Theoretically the ELF specification is quite liberal. Position, contents and order of sections and segments are not restricted. But in real life an operating system is to used to just one program loader, one linker and few compilers. This makes the work of virus writers easier. We can reverse engineer the de-facto standard, a tiny subset of what the ELF standard allows.
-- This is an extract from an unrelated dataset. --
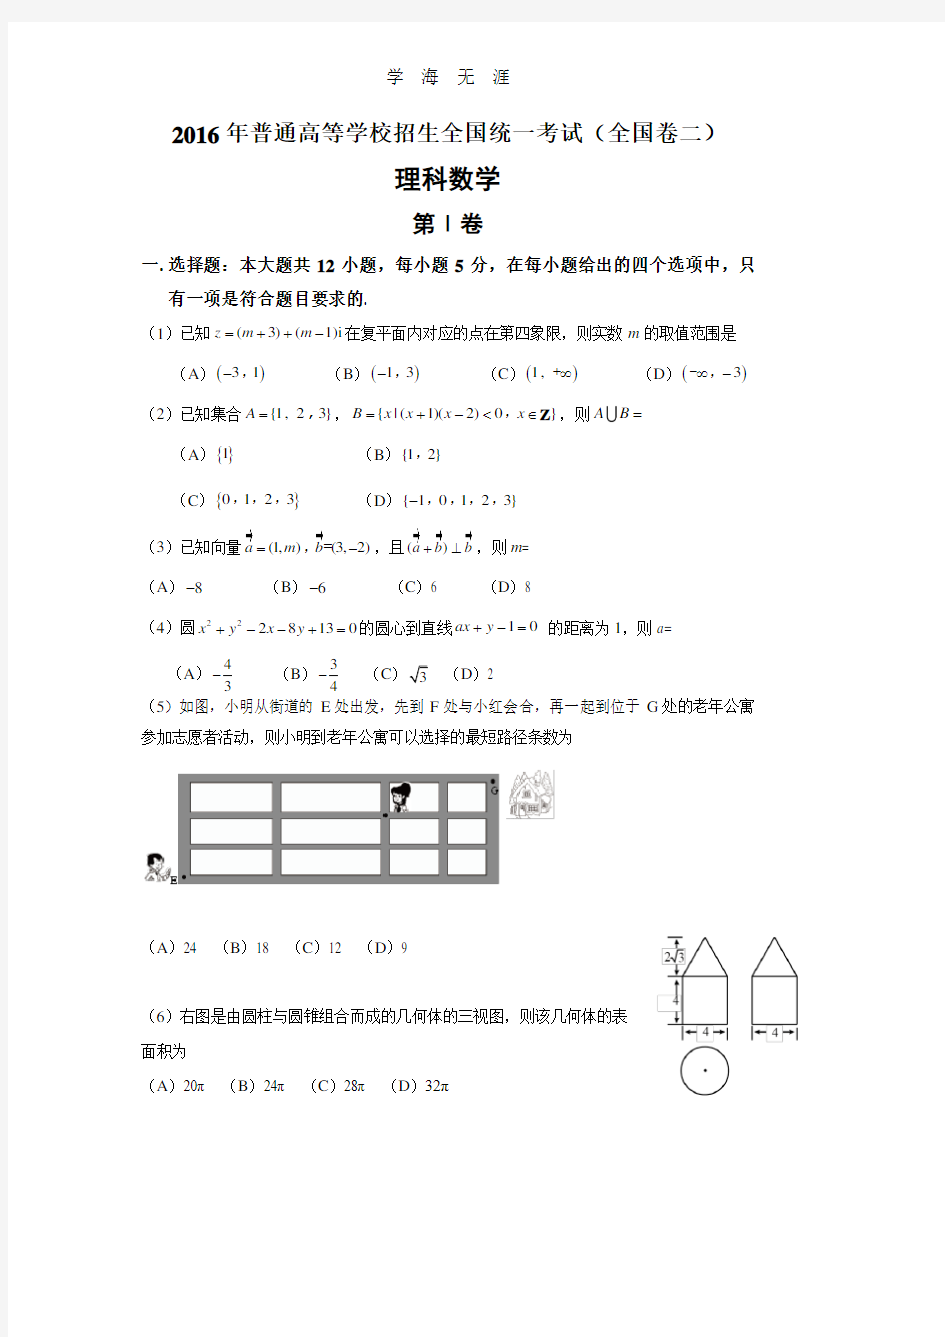 海南高考真题 数学.pdf

On a typical system only a minority of programs violates this subset, so ignoring them does not lower chances of survival.
All headers necessary to execute a program are stuffed into the first page (0x1000 bytes on sparc), probably to simplify the design of an OS' executable format detector. Dynamically linked executables require a few program headers more than static executables, but that's about all the variation there is. In any case the program header of the code segments is followed by the program header of the data segment. Static executables have the code segment at index 0, dynamically linked executables at index 2.
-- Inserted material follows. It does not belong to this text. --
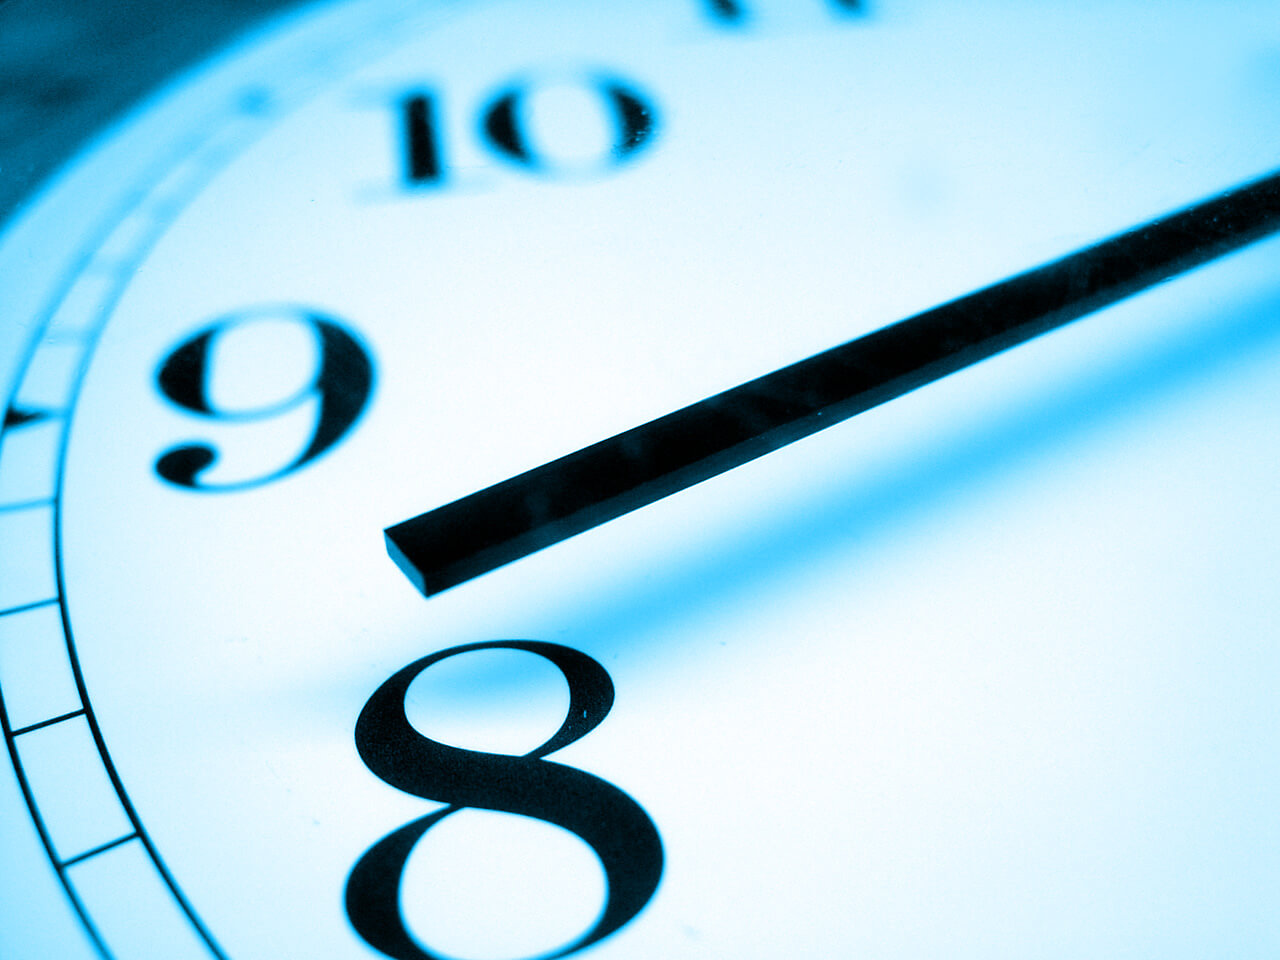 relógio (1) - Gastamos mais tempo com tecnologia do que transando, segundo pesquisa

Let's get a bit more serious and examine the assembly program from The language of evil. A standalone executable built from assembler source is probably the most trivial example we can find.
Command: pre/sparc-sunos5.9/segments/objdump.sh
#!/usr/xpg4/bin/sh
cd tmp/sparc-sunos5.9/evil_magic
/usr/xpg4/bin/ls -Ll att
/opt/sfw/bin/gobjdump -fp att |
Output: out/sparc-sunos5.9/segments/objdump
-rwxr-xr-x 1 alba alba 1416 Feb 15 2003 att
att: file format elf32-sparc
architecture: sparc, flags 0x00000112:
EXEC_P, HAS_SYMS, D_PAGED
start address 0x0000000000010250
Program Header:
PHDR off 0x0000000000000034 vaddr 0x0000000000010034 paddr 0x0000000000000000 align 2**0
filesz 0x00000000000000a0 memsz 0x00000000000000a0 flags r-x
INTERP off 0x00000000000000d4 vaddr 0x0000000000000000 paddr 0x0000000000000000 align 2**0
filesz 0x0000000000000011 memsz 0x0000000000000000 flags r--
LOAD off 0x0000000000000000 vaddr 0x0000000000010000 paddr 0x0000000000000000 align 2**16
filesz 0x0000000000000274 memsz 0x0000000000000274 flags r-x
LOAD off 0x0000000000000274 vaddr 0x0000000000020274 paddr 0x0000000000000000 align 2**16
filesz 0x0000000000000094 memsz 0x0000000000000094 flags rwx
DYNAMIC off 0x0000000000000278 vaddr 0x0000000000020278 paddr 0x0000000000000000 align 2**0
filesz 0x0000000000000090 memsz 0x0000000000000000 flags rwx
Dynamic Section:
NEEDED libucb.so.1
NEEDED libresolv.so.2
NEEDED libsocket.so.1
NEEDED libnsl.so.1
NEEDED libelf.so.1
RUNPATH /usr/ucblib
RPATH /usr/ucblib
HASH 0x100e8
STRTAB 0x101ac
STRSZ 0xa2
SYMTAB 0x1012c
SYMENT 0x10
CHECKSUM 0x419b
DEBUG 0x0
FEATURE 0x1
FLAGS 0x0
FLAGS_1 0x0
|
objdump's output is butt-ugly. On to readelf. The line starting with "There are 5 program headers" shows the value of e_phnum and e_phoff.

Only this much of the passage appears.